Table 3: Comparison of mean gingival scores
Number Mean SD t P value
Baseline Group I 20 0.825 0.29 -0.37 P = 0.709
Group II 20 0.86 0.29 NS
After 15 days Group I 20 0.635 0.26 -1.29 P = 0.21
Group II 20 0.745 0.28 NS
After 30 days Group I 20 0.46 0.19 -2.54 P = 0.015*
Group II 20 0.65 0.27
SD - standard deviation; NS - not significant and *statistically significant at P<0.05 using unpaired t-test

Observation for Gingival Score
Baseline
It was found that mean gingival scores at baseline were almost similar among participants in both groups. The difference in mean gingival scores between the groups was not statistically significant (P = 0.19).

After 15 days
It was found that mean gingival scores after 15 days were marginally higher among participants in Group II compared to participants in Group I. The difference in mean gingival scores between the groups was not statistically significant (P = 0.21).

After 30 days
It was found that mean gingival scores after 30 days were higher among participants in Group II compared to participants in Group I. The difference in mean gingival scores between the groups was statistically significant (P = 0.015). The data for all the subjects has been summarized in Table 3 and Figure 2.

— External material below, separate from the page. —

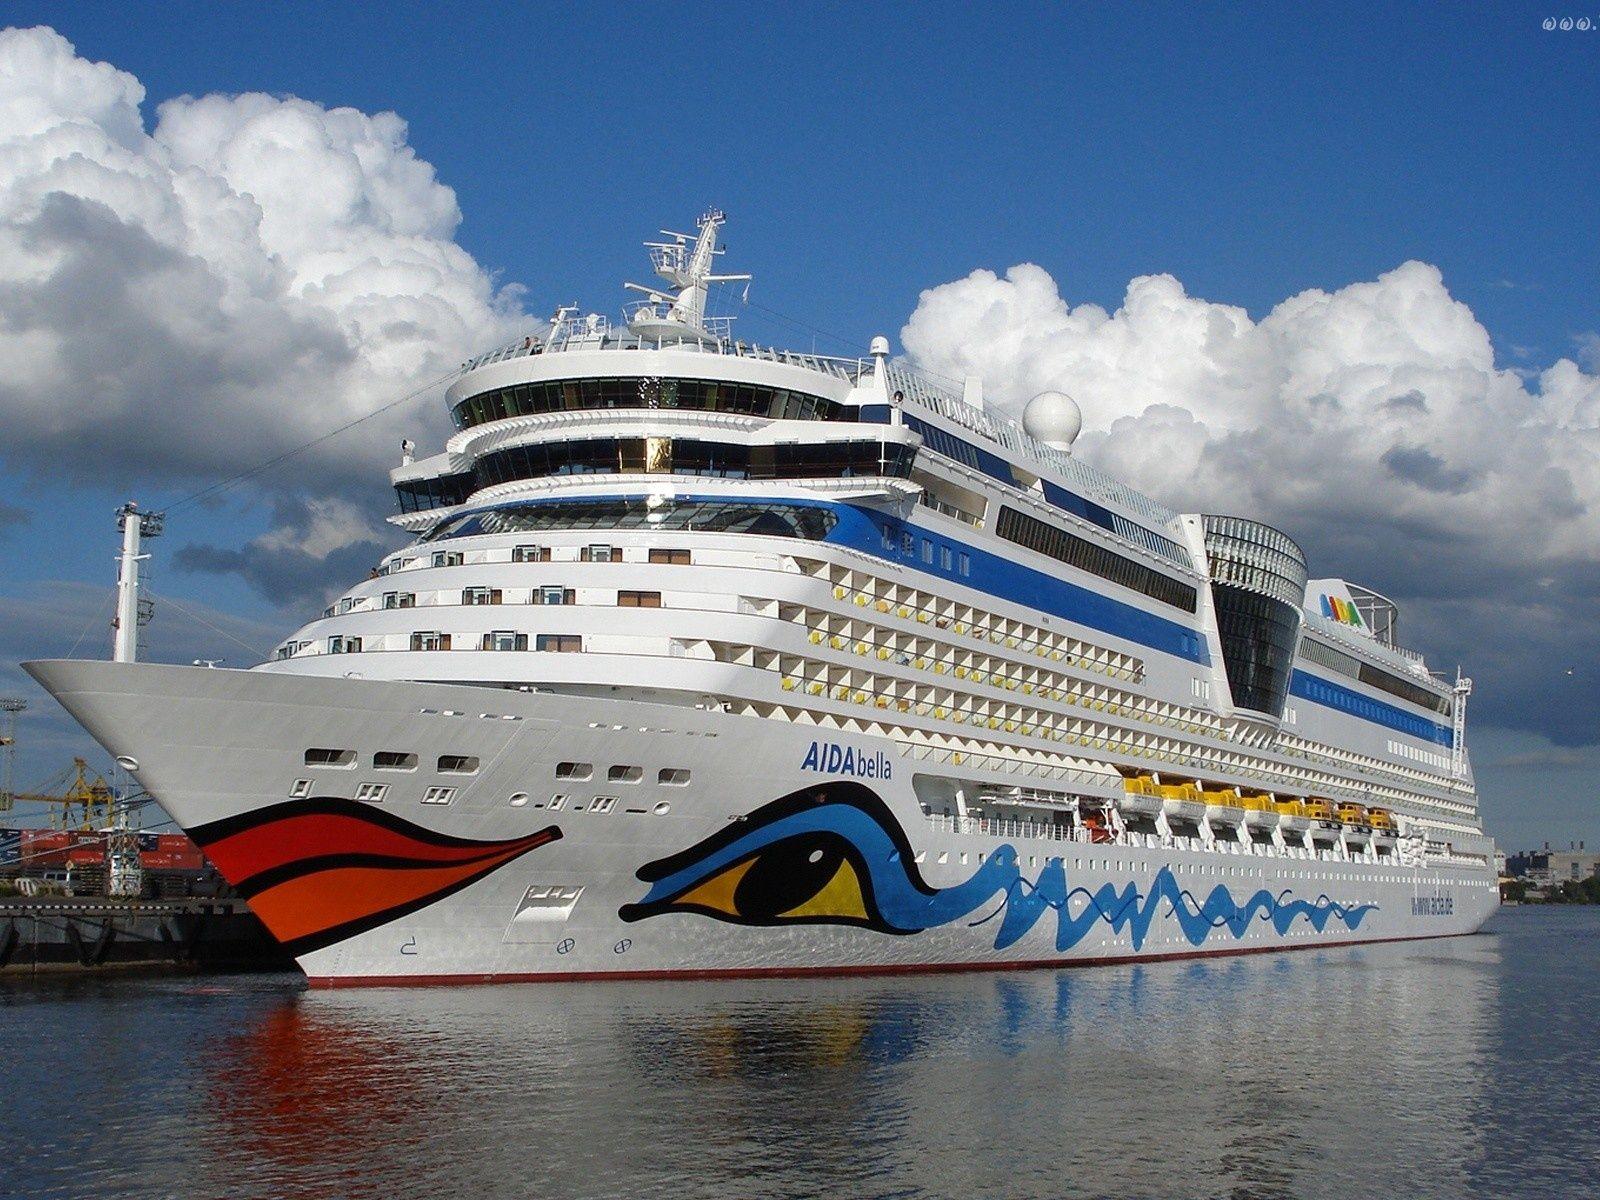 Aida Bella Ship Wallpaper In X Aida Cruise Ship Liner - Columbo cruise ship

Burning Sensation - A Visual Analog Scale (VAS) score for a burning sensation ranges from 0 to 10, where 0 represents "no burning sensation" and 10 represents "the worst burning sensation imaginable," allowing patients to mark a point on the scale that best reflects their current level of burning discomfort.
Interpreting VAS scores for burning sensation:
0-2: Minimal or no burning sensation
3-5: Mild burning sensation
6-8: Moderate burning sensation
9-10: Severe burning sensation

The VAS scores (for burning sensation) was recorded for both the groups at baseline, after 15 days, and after 30 days and median was calculated.

Observation for Burning Sensation
Baseline
It was found that participants in Group I had higher median VAS scores (for burning sensation) when compared to participants in Group I. The difference in median VAS scores between the groups was not statistically significant (P = 0.17).

Table 4: Comparison of median VAS scores (for burning sensation)
Number Median IQR Mann Whitney U P value
Baseline Group I 20 2 0.0 - 3.0 152.5 P = 0.17
Group II 20 0.5 0.0 - 2.0 NS
After 15 days Group I 20 0.5 0.0 - 1.0 174 P = 0.44
Group II 20 1 0.0 - 1.75 NS
After 30 days Group I 20 0 0 90 P = 0.001**
Group II 20 1 0.0 - 2.0
IQR-interquartile range; NS - not significant and *statistically significant at P < 0.05 using the Mann-Whitney U test

After 15 days
It was found that participants in Group II had higher median VAS scores (for burning sensation) when compared to participants in Group I. The difference in median VAS scores between the groups was not statistically significant (P = 0.44).

After 30 days
It was found that participants in Group II had higher median VAS scores (for burning sensation) when compared to participants in Group I who did not experience any burning sensation. The difference in median VAS scores between the groups was statistically significant (P = 0.001). The data for all the subjects has been summarized in Table 4 and Figure 3.

Gingival Pigmentation - Hedin Melanin Index, a scoring system used to assess the extent of gingival pigmentation, where a score of 0 indicates no pigmentation and a score of 4 represents a continuous ribbon of pigmentation across the entire area between the canines; essentially, it measures how much pigmented area is present on the gums based on its distribution and severity.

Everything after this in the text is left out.